Photograph of the artist dressed as a clown at the window of his studio, Genoa, 1968. Courtesy Archivio Emilio Prini.
What we do have can be fascinating. He made numerous self-portraits with an element of whimsy. The prosaically named Photographic Sequence of the Artist Sitting at the Window of His Studio (1968) comprises 40 colour photographs in which Prini does as the title suggests. He does so in a proto Where’s Wally? outfit of red-and-white striped shirt, plus a fake nose, turning himself into a strange sort of clown. We see him pose in the same position – feet on windowsill, back against the wall, not quite perilously dangling over the edge of a courtyard – from 40 different angles. Prini homes in on the difficulty of creating an objective image of a person or place, while exploring the way a body can merge into an environment. Later, he would augment the costume with a black cape with an “Alieno” (alien) on the front and a red heart on the back. Was he puncturing the seriousness of its contemporaries? Or expressing a feeling of estrangement from them?

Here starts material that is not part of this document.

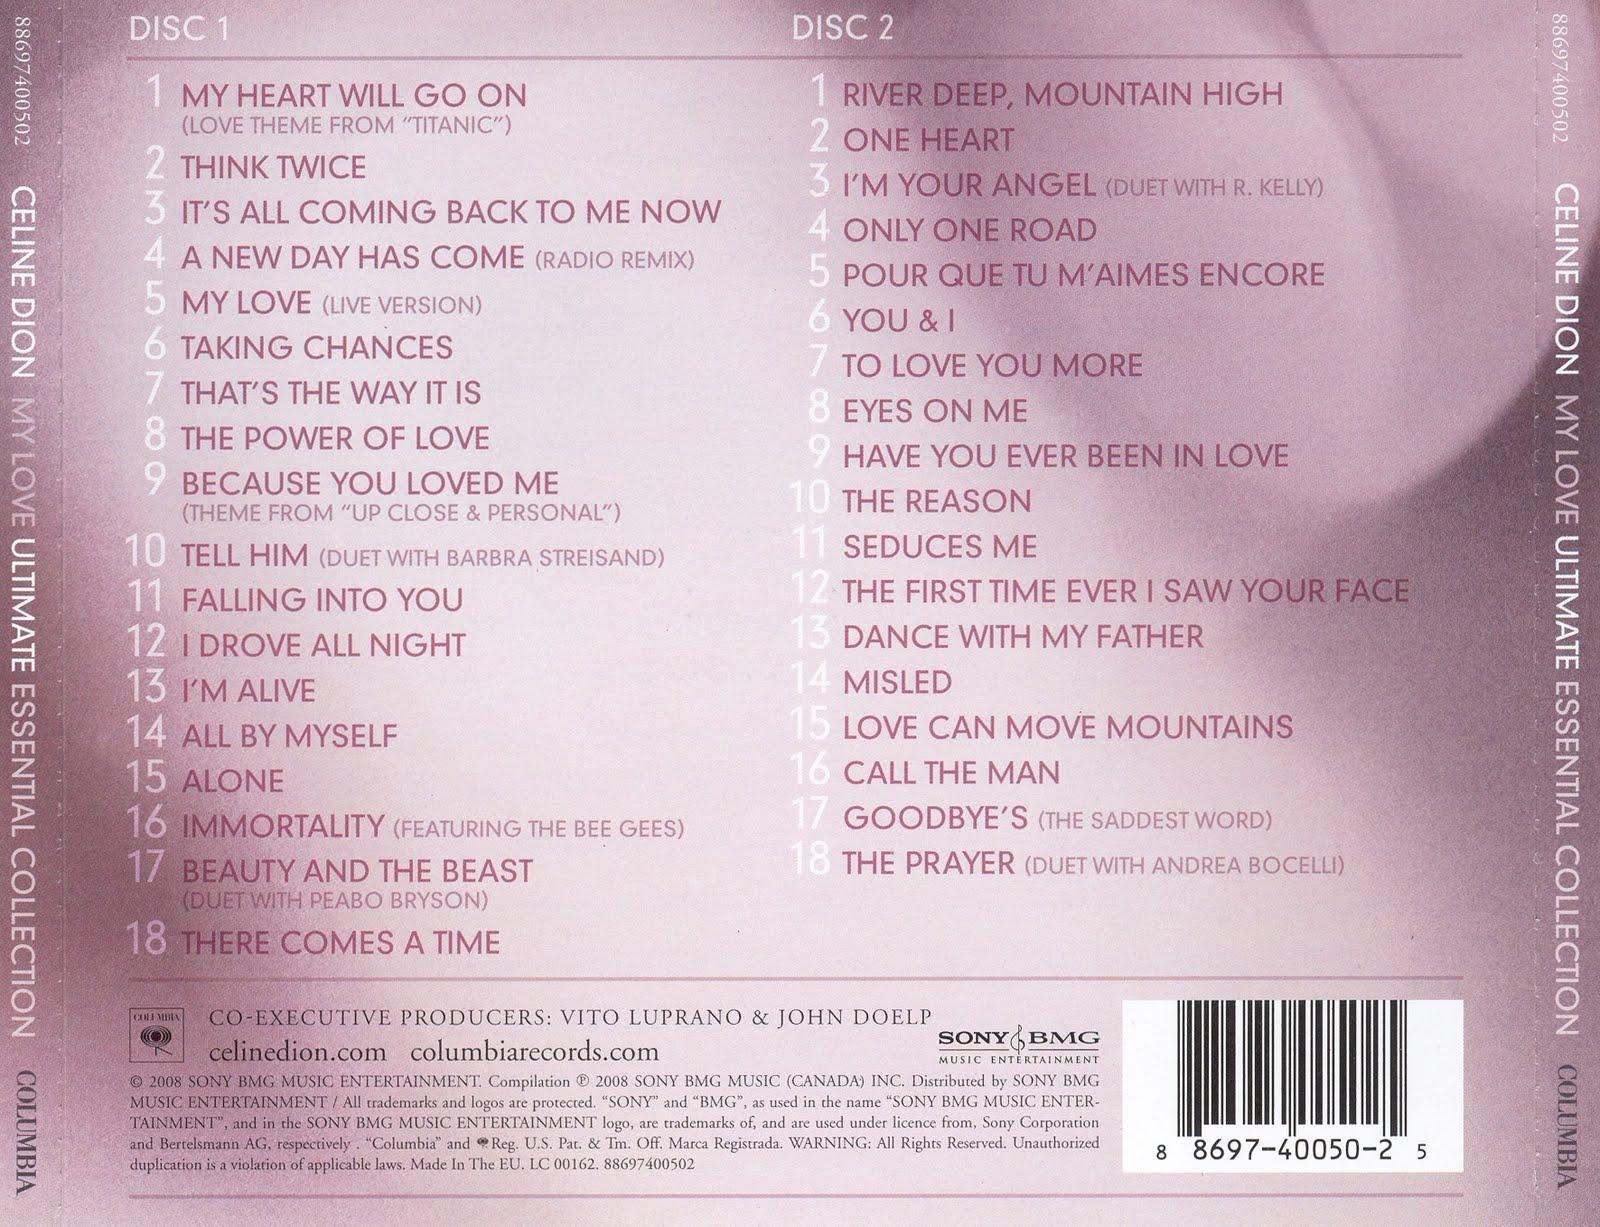 http://4.bp.blogspot.com/_YJM766qf5ps/TBUXmJJMWzI/AAAAAAAAFtU/w3Hgj6sI7vU/s1600/Celine+Dion+-+My+Love+%28Ultimate+Essential+Collection%29+-+Back.jpg

Emilio Prini, Untitled, 1974. Courtesy Archivio Emilio Prini.
A unifying thread of Prini’s practice is a devotion to testing things to their limits: 40 photographs, 1,000 photocopies, 18,915 prints. Among his most fascinating works are those where he used electronic devices to the point of exhaustion. He brought a camera to the end of its life. Later, he would photograph it, turning the camera itself into an object of observation, and then print thousands of reproductions of the image. His contribution to the exhibition Arte Povera 2011 at the Castello di Rivoli was to display the exhibition catalogue opened at the pages concerning himself; visitors were invited to read it until it was worn out. Making and interacting with art gradually leads to its destruction. Prini flips a finger to the art world’s obsessions with authenticity and preservation. This refusal to confirm might well be his signal achievement.